What is required: Could you return the data that follows exactly, minus the images?

Exercise data:
_ _ _ _

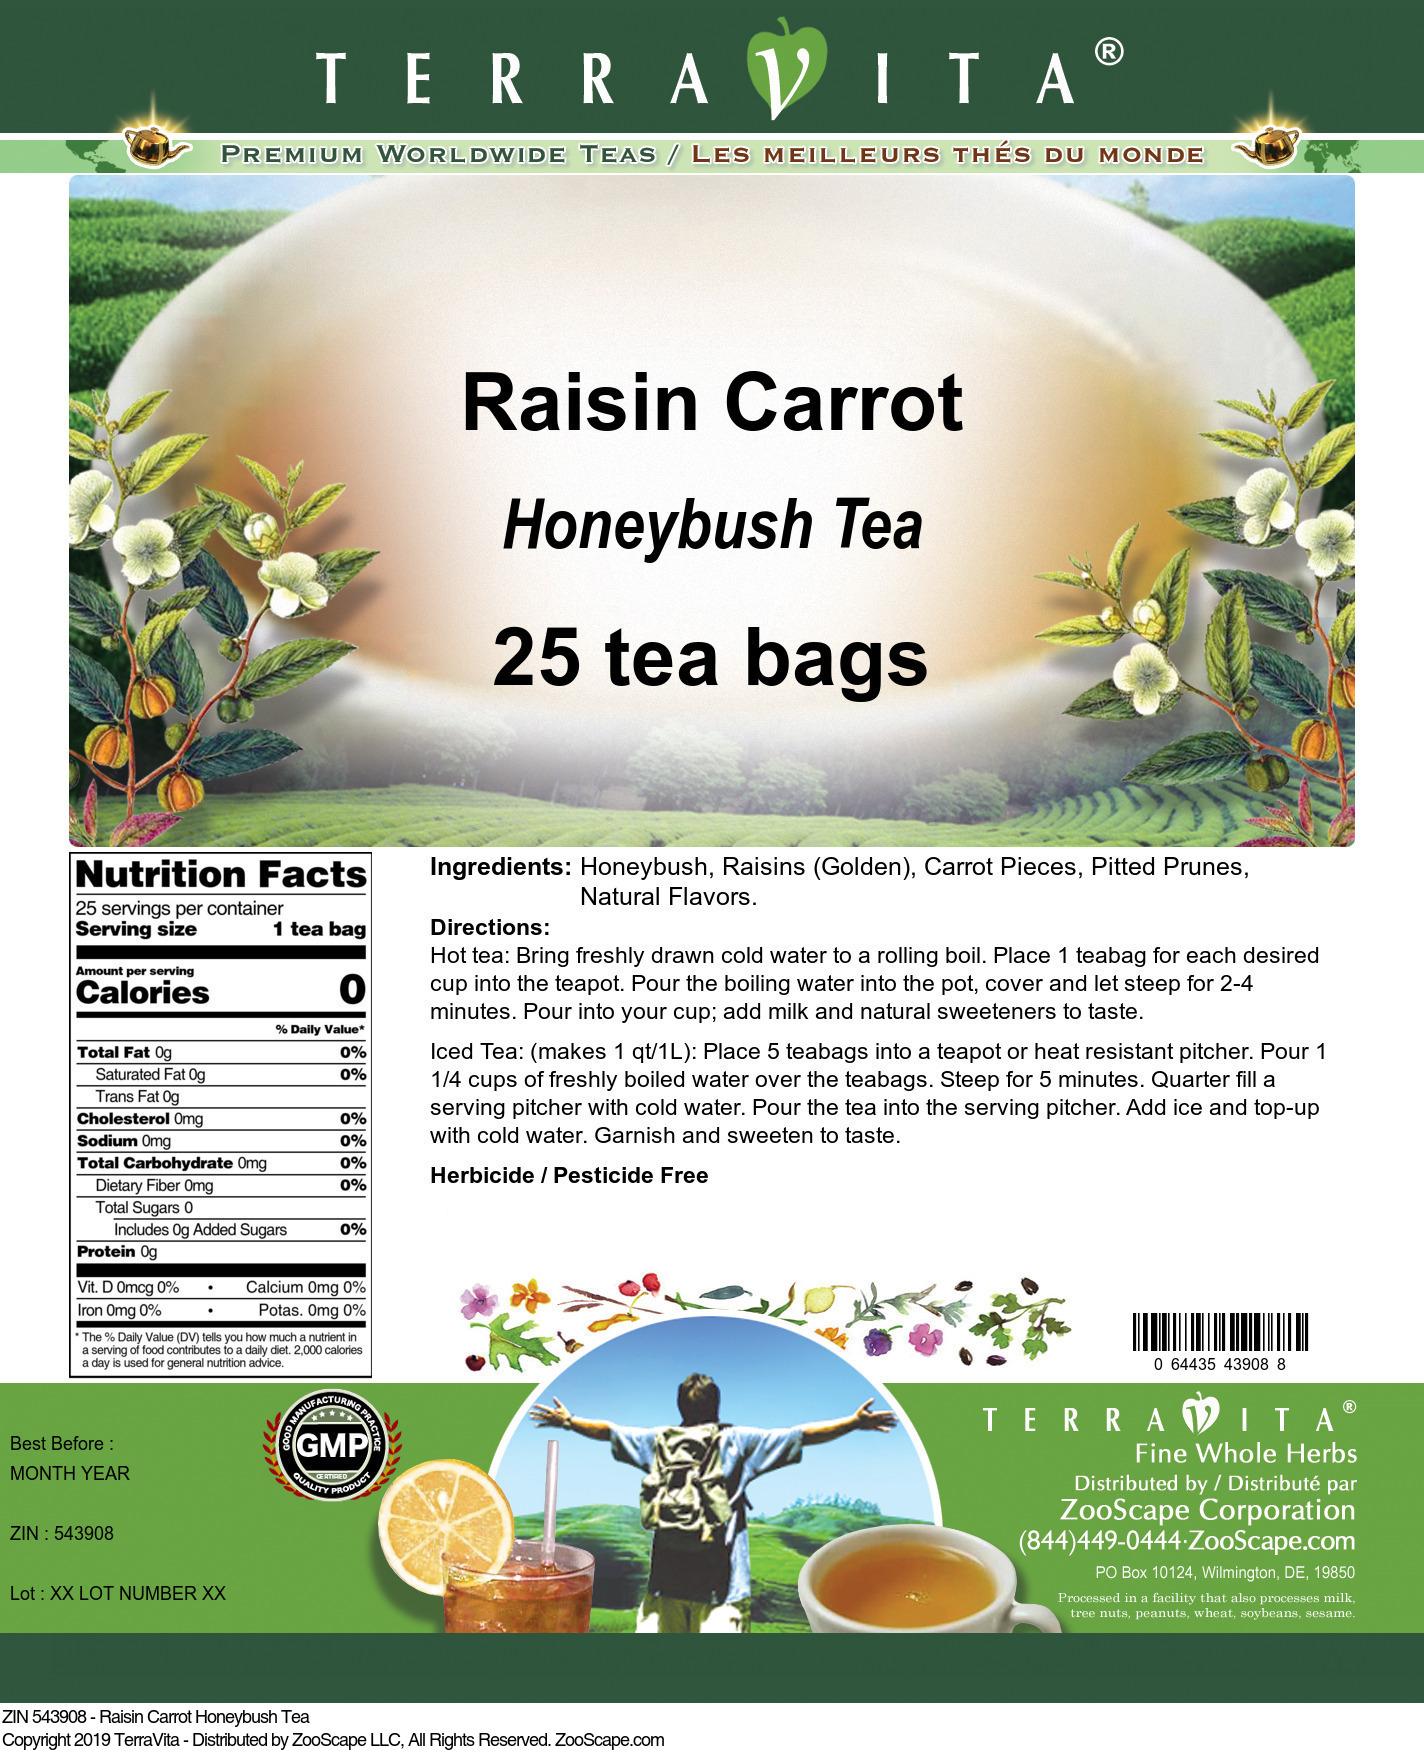 Raisin Carrot Honeybush Tea
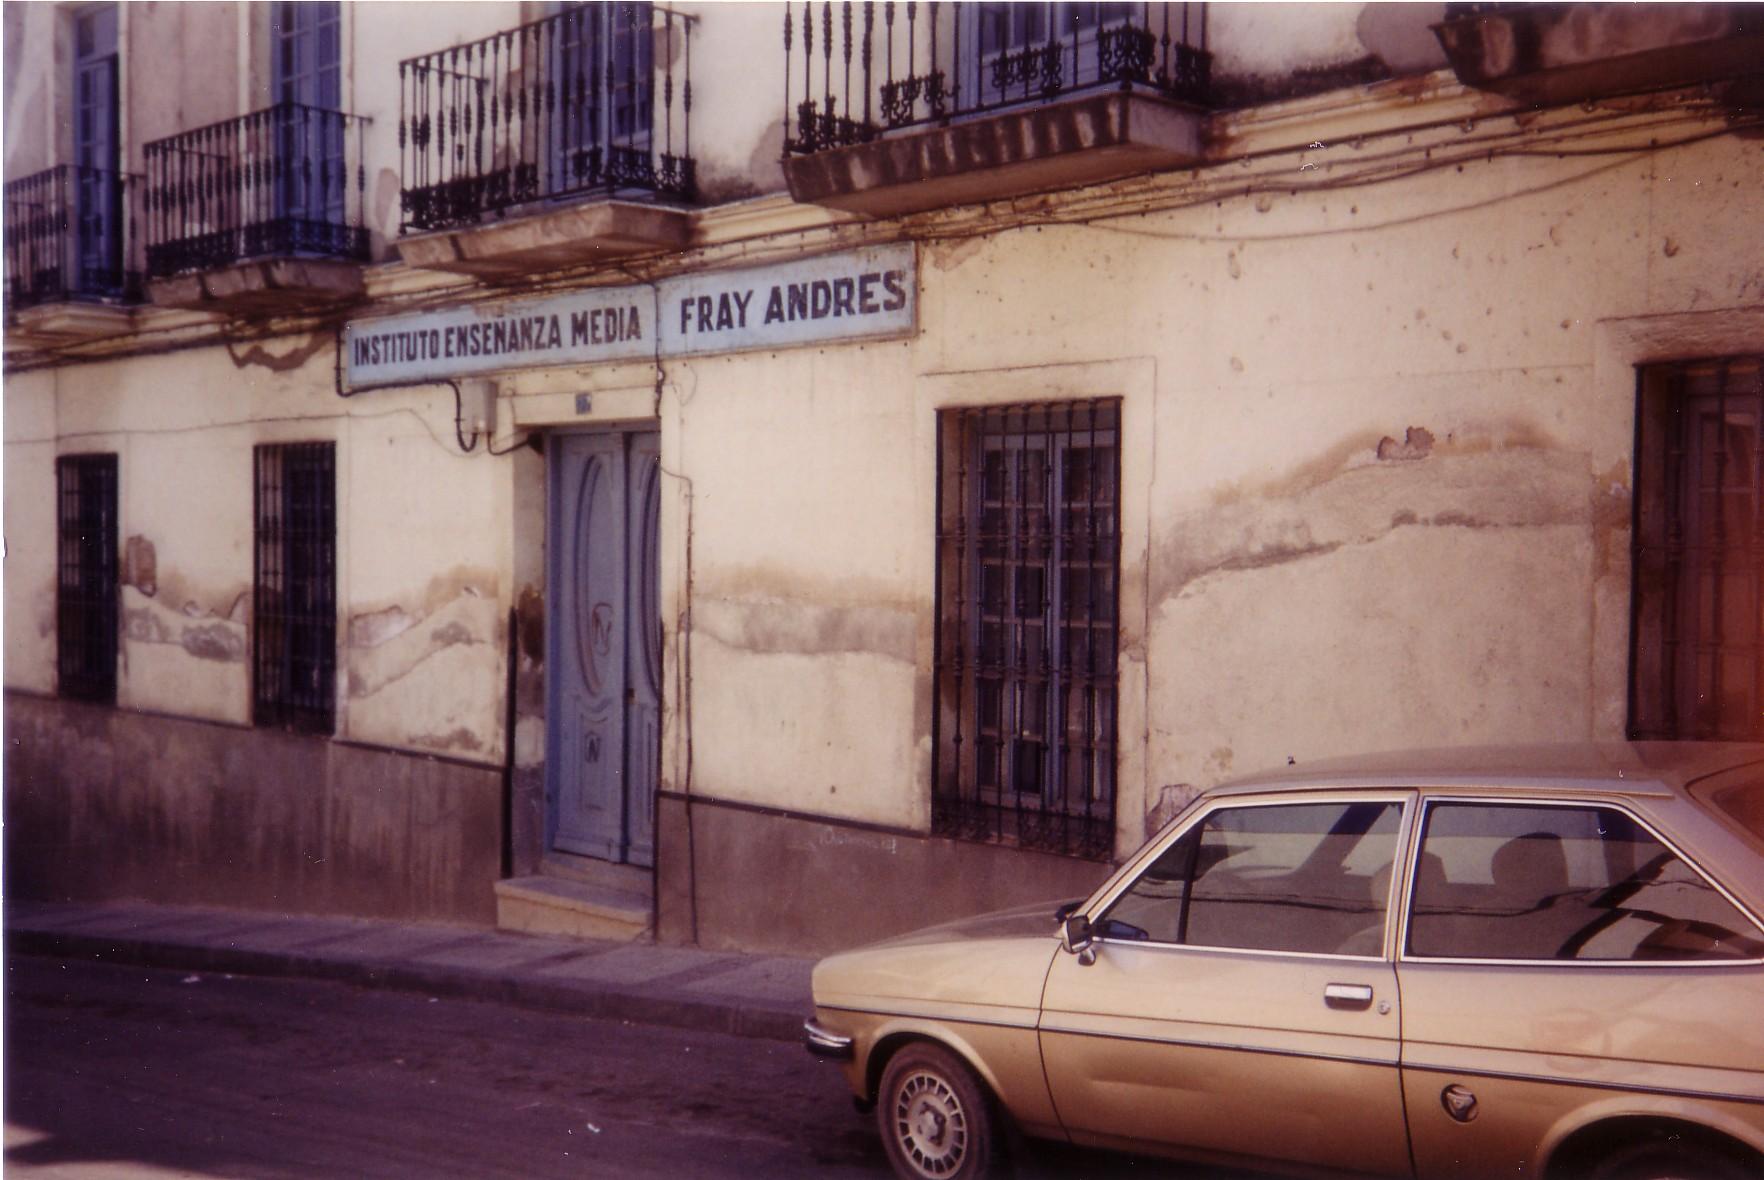 Instituto Fray Andrés Calle Torrecilla 1989 Fotografía F. Negrete
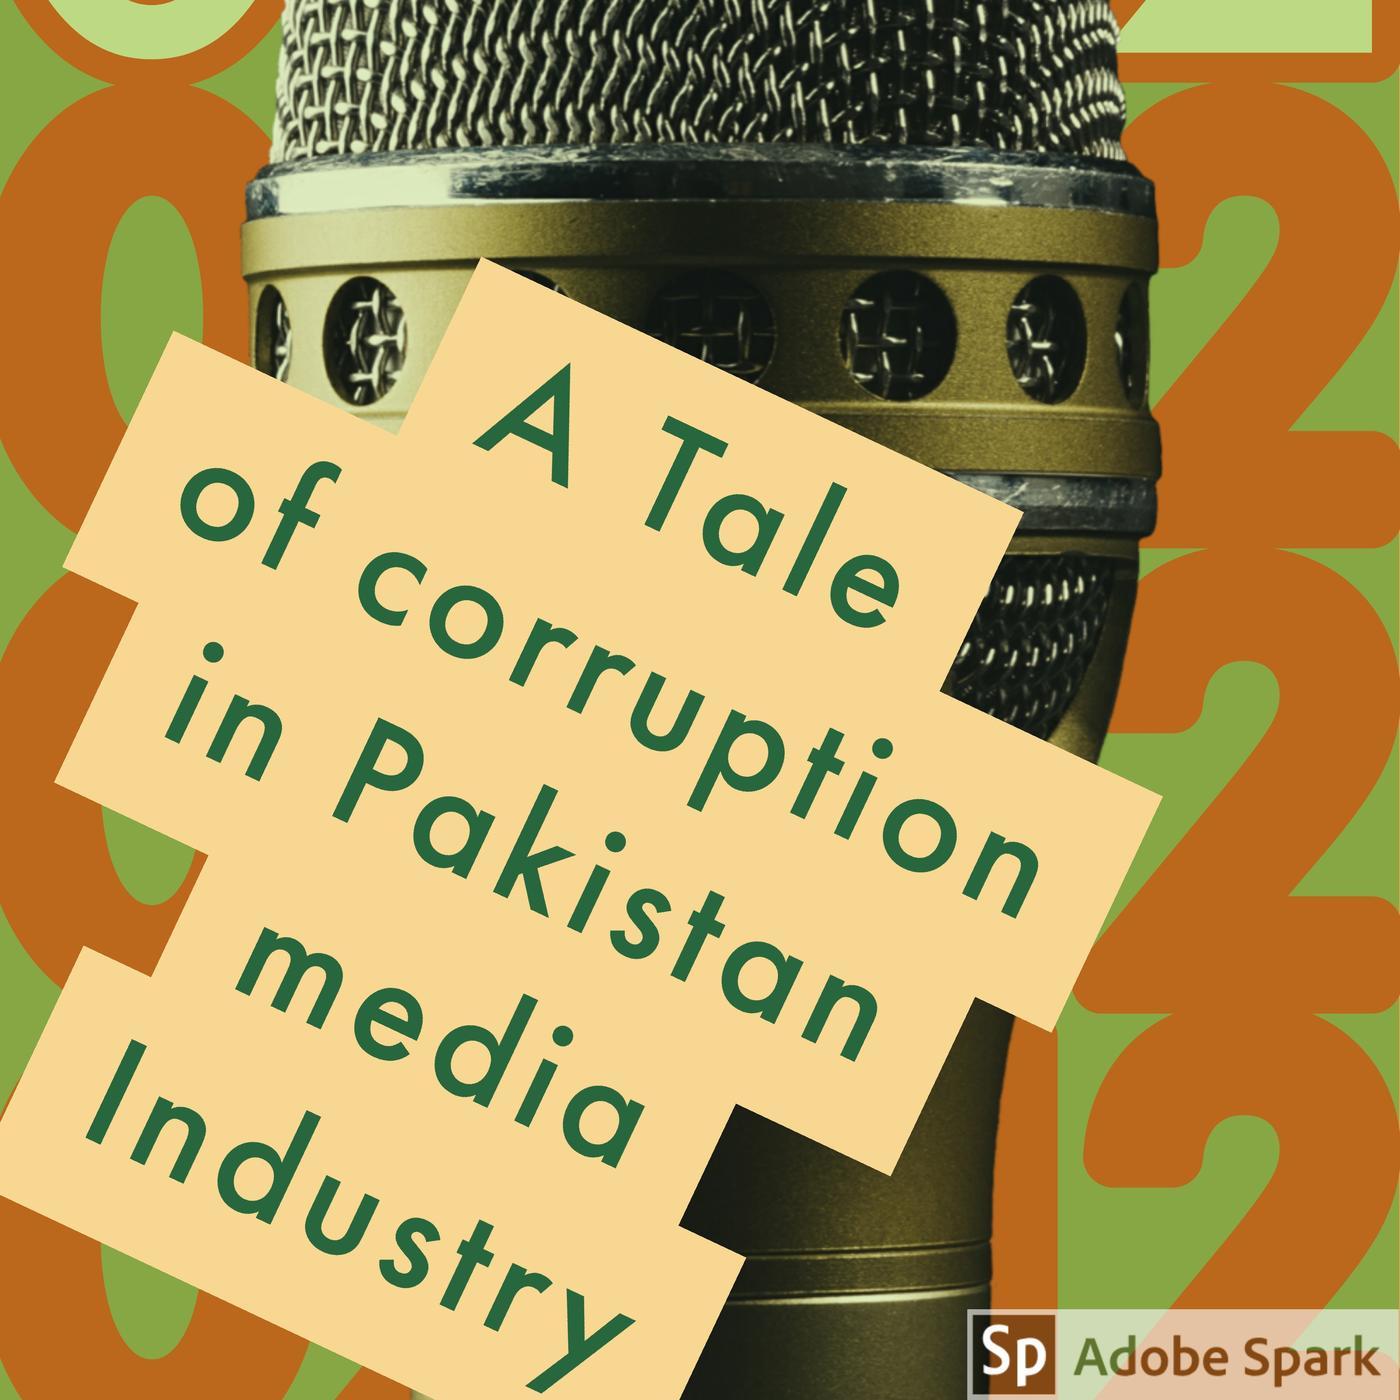 Reality of Pakistani News channels industry - Kashmir needs

_ _ _ _

Result of this exercise:
 Raisin Carrot Honeybush Tea
 Instituto Fray Andrés Calle Torrecilla 1989 Fotografía F. Negrete
 Reality of Pakistani News channels industry - Kashmir needs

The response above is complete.